Clinically, nintedanib has been approved for the treatment of IPF, systemic sclerosis-associated interstitial lung disease, and as part of combination therapy for advanced NSCLC. In IPF, it has been shown to reduce the rate of decline in forced vital capacity, demonstrating significant efficacy in slowing disease progression. Its side effect profile is generally manageable, with gastrointestinal disturbances and liver enzyme elevations being the most common adverse events. The compound’s pharmacokinetics allow twice-daily dosing, and it can be combined with other antifibrotic or anticancer agents under careful monitoring.

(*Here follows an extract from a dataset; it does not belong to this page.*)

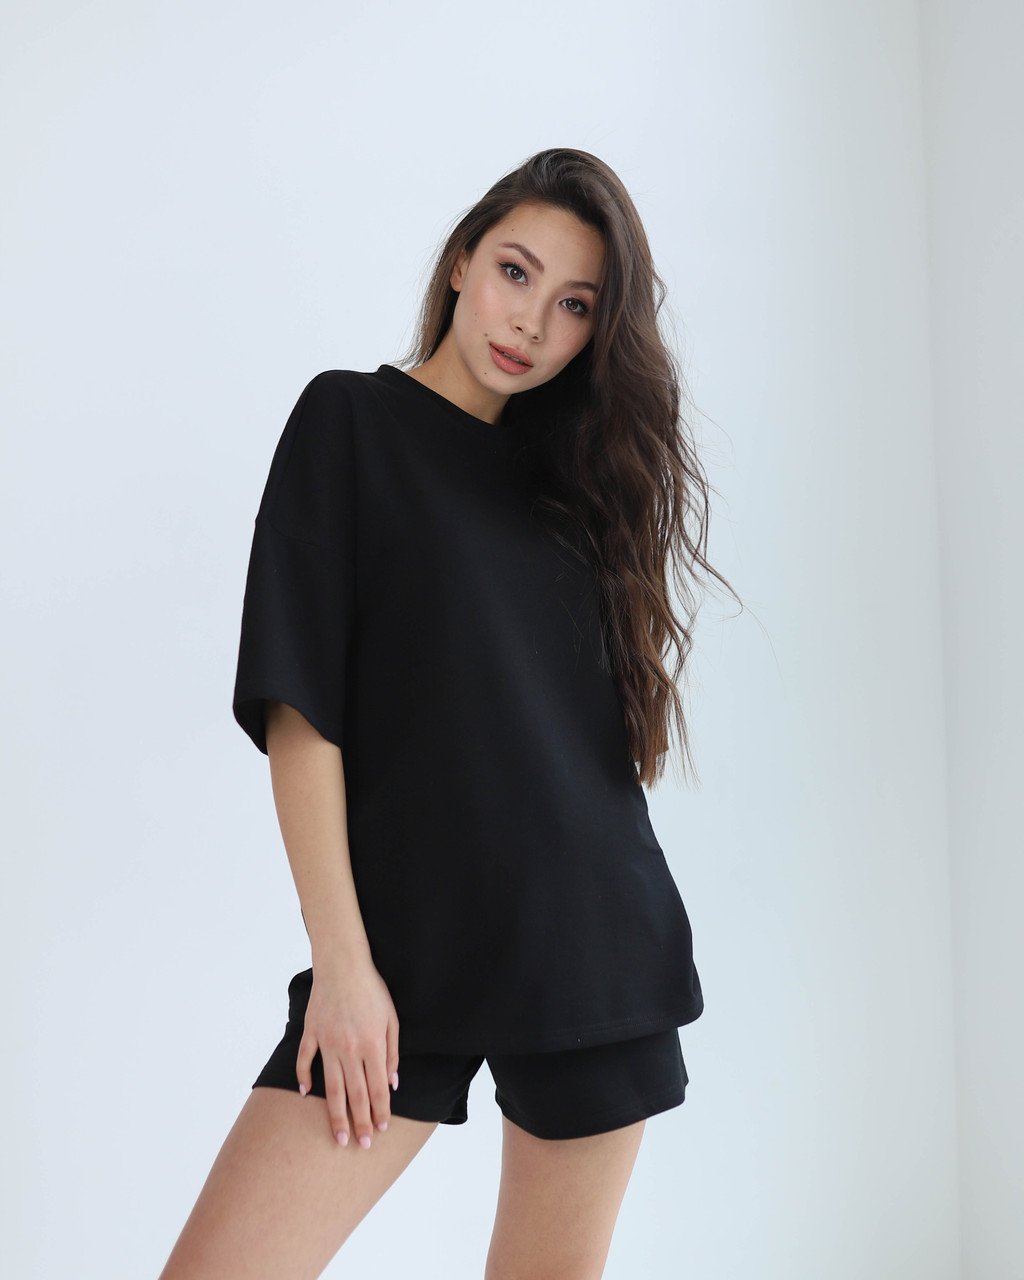 Літній комплект футболка і шорти жіночий чорний оверсайз модель Мія від бренду Тур, розміри: S, M, L TURWEAR

From a chemical synthesis perspective, nintedanib is produced through a series of condensation, acylation, and cyclization reactions that construct the bisindolinone scaffold and introduce key substituents responsible for kinase binding. High-purity crystalline forms are obtained through careful control of reaction conditions, solvent selection, and purification processes. The final pharmaceutical formulation typically consists of oral capsules containing the active substance in combination with excipients to ensure stability, solubility, and bioavailability.

Nintedanib’s discovery and application exemplify the integration of medicinal chemistry, pharmacology, and clinical research in modern drug development. Its multitargeted kinase inhibition approach has expanded treatment options for fibrotic lung diseases and certain malignancies, while ongoing studies continue to explore its potential in additional therapeutic indications. The compound remains a benchmark for designing small-molecule inhibitors that target multiple disease-relevant pathways simultaneously.